Growth rate: It is a somewhat slow growing Stapeliad that will make large clumps given the best conditions. Most plants will offset readily, and clumps can be produced in a few years.
Soils: It likes very porous mineral cactus mix soil, pH 7,5 to 8,5 (mildly alkaline), but can become too elongated if compost is too rich.
Repotting: This plant needs plenty of space for its roots, repotting should be done every other year or when the it has outgrown its pot. Use pot with good drainage.
Watering: It needs regular watering, especially during the hottest summer days; provide also some light watering if the green house temperatures in winter are elevated. Either excessive or very scarce watering can induce rot.
Fertilization: Feed with a high potassium fertilizer in summer.
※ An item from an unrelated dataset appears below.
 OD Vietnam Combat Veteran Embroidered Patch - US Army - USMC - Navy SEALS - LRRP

Frost Tolerance: For safe cultivation winter temperatures must be kept over 10° C, but it can withstand winter night-time temperatures down to about 5°(or less) Celsius for short period. Freezing temperatures are often fatal. In the rest period no high atmospheric humidity!!
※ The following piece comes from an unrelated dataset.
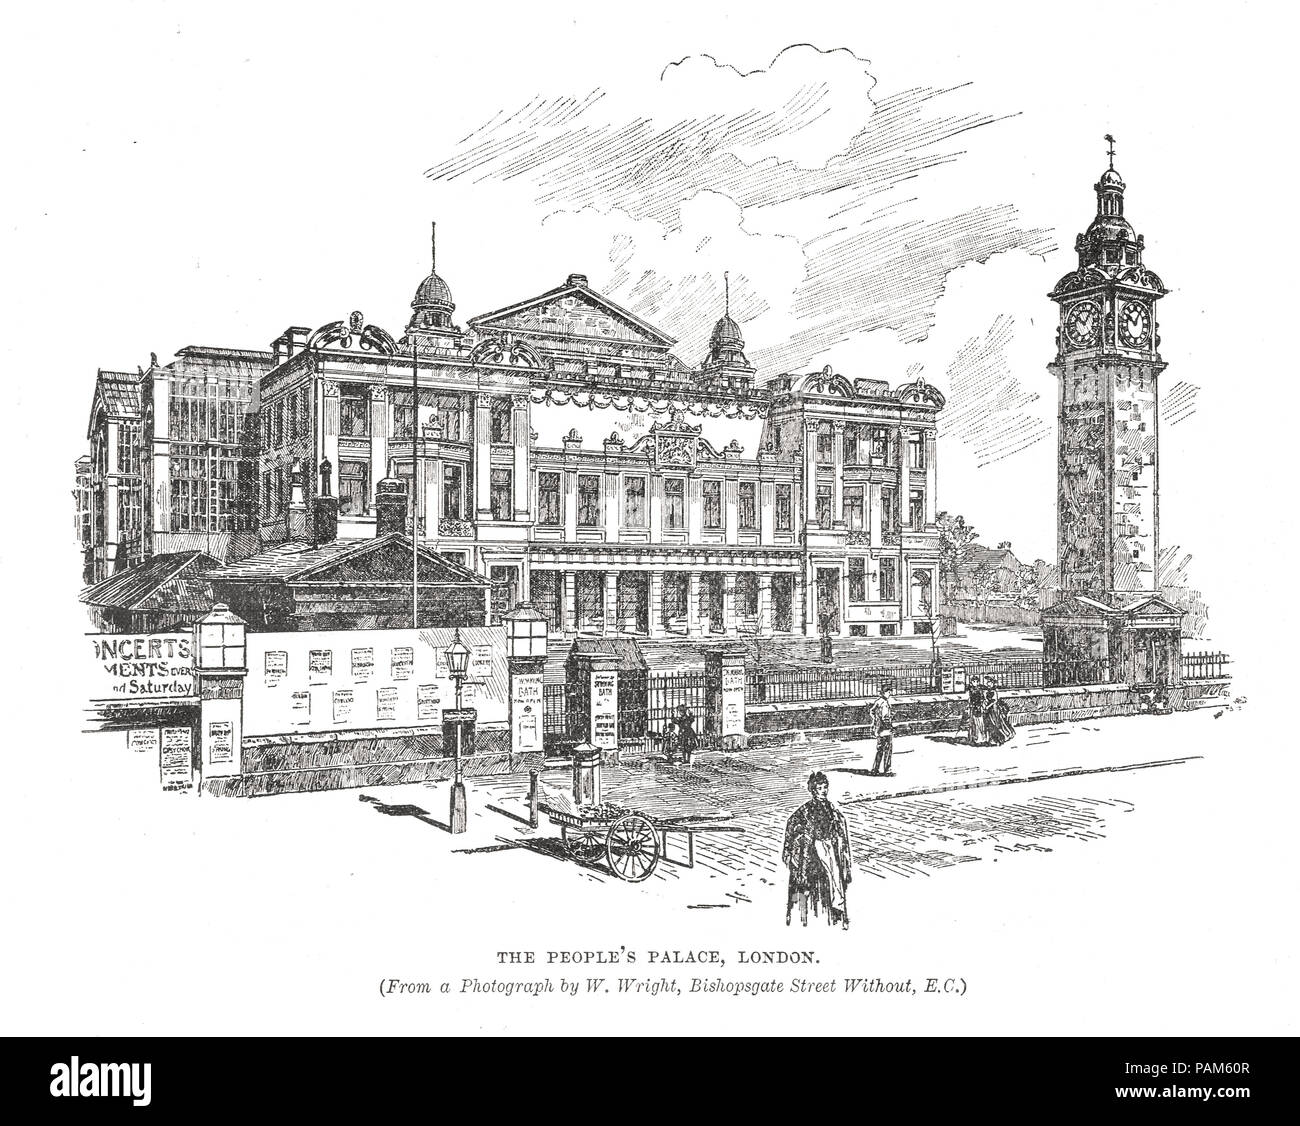 Die People's Palace, Mile End Road, London, England, 19. Jahrhundert Ansicht der alten Palast des Volkes Stockfoto

Sun Exposure: Best for half-shade but grow well in full sun and full shade too. Tends to bronze in strong light, which encourages flowering, but is likely to suffer from sun scorch or stunted growth if over exposed to direct sunlight during the hottest part of the day in summer.
Diseases: Rot is only a minor problem with Orbea if the plants are watered and “aired” correctly. If they are not, fungicides won't help all that much.
Uses: It is an excellent plant for container growing. Clustering, great for a hanging display. Stems may possibly become purple and limp in winter, but revitalize in early spring. It always looks good and stays small. It look fine in a cold greenhouse and frame or outdoor in a rockery.
Propagation: Seeds and cuttings. Cuttings will root only in hot weather. Cuttings must be kept very dry to root. Seeds germinate readily if they are sown when fresh.